Anecznik nie załamuj się czas szybko płynie i nawet się nie obejrzysz a będzie po wszystkim.

Ika dzięki za namiary teraz tylko trochę czasu i ściągnę.

Wykończy mnie ta mała Karolcia swoim spaniem i ciumkaniem. Ciekawa jestem kiedy nadejdzie czas że poleży choć chwilę sama bez płaczu? Z chłopakami to trochęęęęę trwało. A ja słyszałam że z dziewczynkami łatwiej na początku bo rzadziej kolki mają i ładnie śpią icon_smile.gif

Gio_vanna
Marta &&&&&&
iwonadancer
CYTAT(walizka @ Thu, 12 Aug 2010 - 00:50) *
Iwona - czekam na info, czy to faktycznie była krew z piersi. Mam nadzieję, że tak


walizka To chyba jednak była zraniona pierś uff mały już dziś krwią nie ulewał więc jest ok icon_smile.gif wprawdzie śladowe ilości krwi są jeszcze w kupie ale pewnie organizm jej jeszcze całkowicie nie strawił i stąd jej obecnośc mam nadzieję że jutro już wogóle zniknie

anulek wiesz pierś mnie jakoś specjalnie nie bolała i nie zauważyłam specjalnie ran na sutkach stąd zmyliła mne ta krew. Na szczęście kapturki nie będą potrzebne.

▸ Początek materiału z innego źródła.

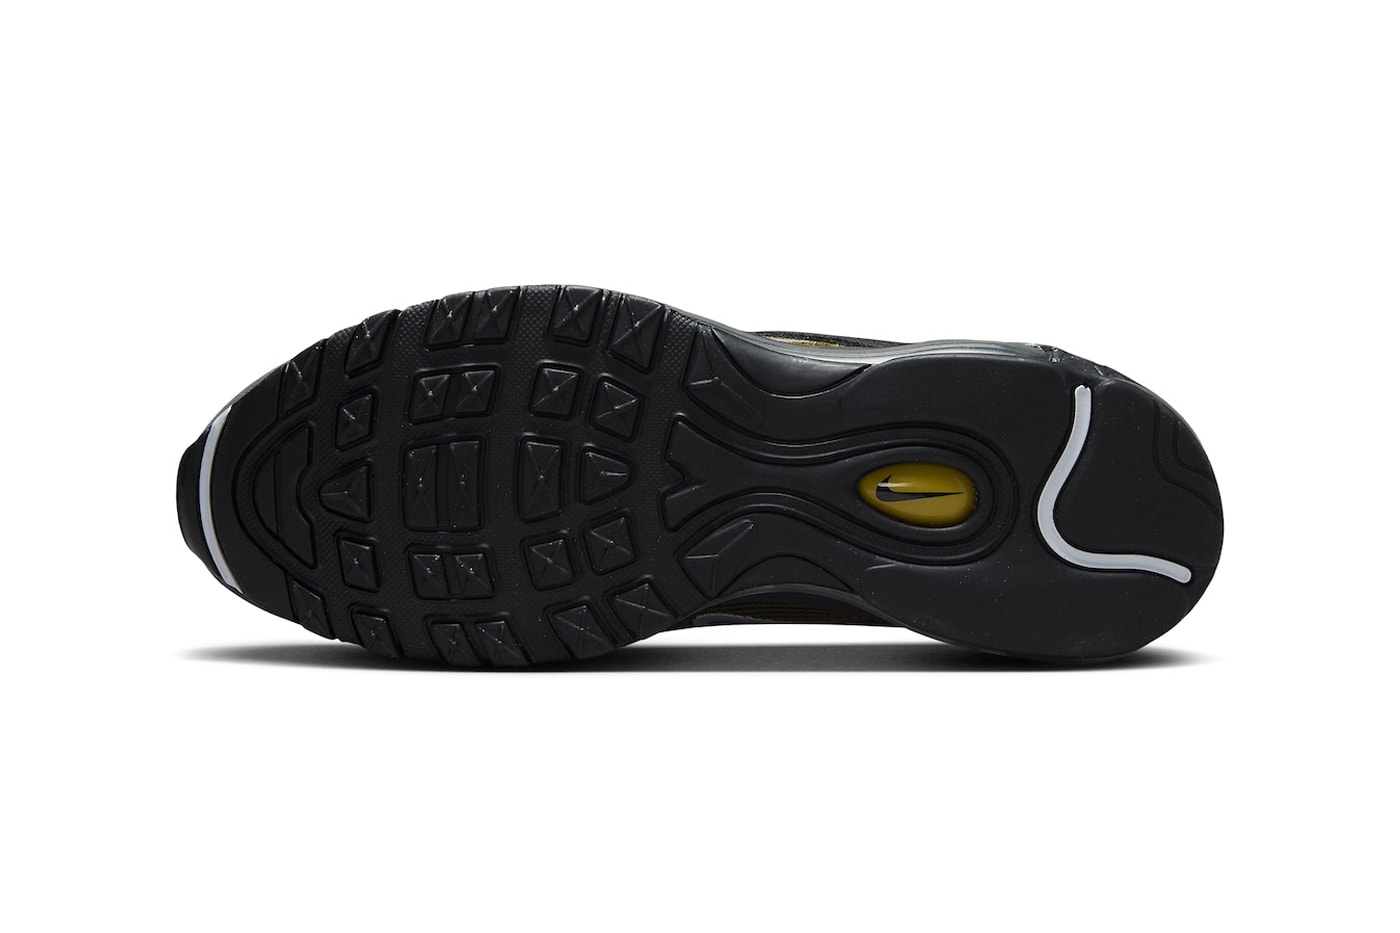 ナイキ エアマックス97からリュクスなカラーリングの新作 ゴールデンベージュが登場 Nike Air Max 97 "Golden Beige" FB9619-200 Release Info Golden Beige/Anthracite-White december 2023 suede mesh leather sports shoes sneakers classic

anecznik u małego mojej siostry zdaje się stwierdzili, że jedno bioderko się nie wstawiło tak jak trzeba, ale dokładnie niestety nie wiem na czym to polega. Wiem, że związane to było z jego ułożeniem w brzuszku. Ma nosić szelki, bo pieluchowanie nie przyniosło efektów. Na kolejnym USG mają stwierdzić czy biodro wskoczyło na swoje miejsce. A i powiem Ci jeszcze że to samo stwierdzili u córki mojej kuzynki parę lat temu. Ona wcale jej tych szelek nie zakładała, bo powiedziała że nie będzie męczyć dziecka. I co? mała ma dziś 5 lat jest zdrowa bioderko samo wskoczyło na swoje miejsce, także nie przejmuj się u Was też będzie dobrze icon_smile.gif

Marta &&&&&&&&&&& za egzamin męża

Emily podziwiam cię dziewczyno i tak jesteś mega silną babką, ale wierzę że zdarzają się kryzysy... dlatego ślę moc pozytywnej energii przytul.gif


U nas dziś przeprowadzki część pierwsza. Z tego wszystkiego zapomniałam Wam napisać, że przeprowadzamy się do Białegostoku na stałe. Wynajeliśmy tam mieszkanko 3 pokojowe za które zapłacimy mniej niż ludzie, którzy będą wynajmowali od nas naszą kawalerkę w Warszawie icon_smile.gif Trochę mamy zamieszania z ta przeprowadzką, ale w przyszłym tygodniu ma wpaść moja mama i nam pomóc. Będzie zajmowała się małym a ja spokojnie popakuję resztę gratów a jest tego sporo 37.gif no nic damy radę. Już nie mogę się doczekać, w sumie to już miałam dość tej ciasnoty, choć mieszkanko mamy ładne i przytulne to jest już za małe dla nas 3 + pies. Podomykałam tu wszystkie sprawy, byłam w pracy złożyć podania o urlopy i wyszło, że do pracy mam wrócić dopiero 3 stycznia icon_smile.gif ale nie wracam oczywiście i wezmę wychowawczy, a w Białymstoku poszukam sobie dorywczej pracy. We wtorek idę jeszcze na wizytę do mojego gina wziąć zaświadczenie do becikowego no i zbadać "podwozie" 06.gif .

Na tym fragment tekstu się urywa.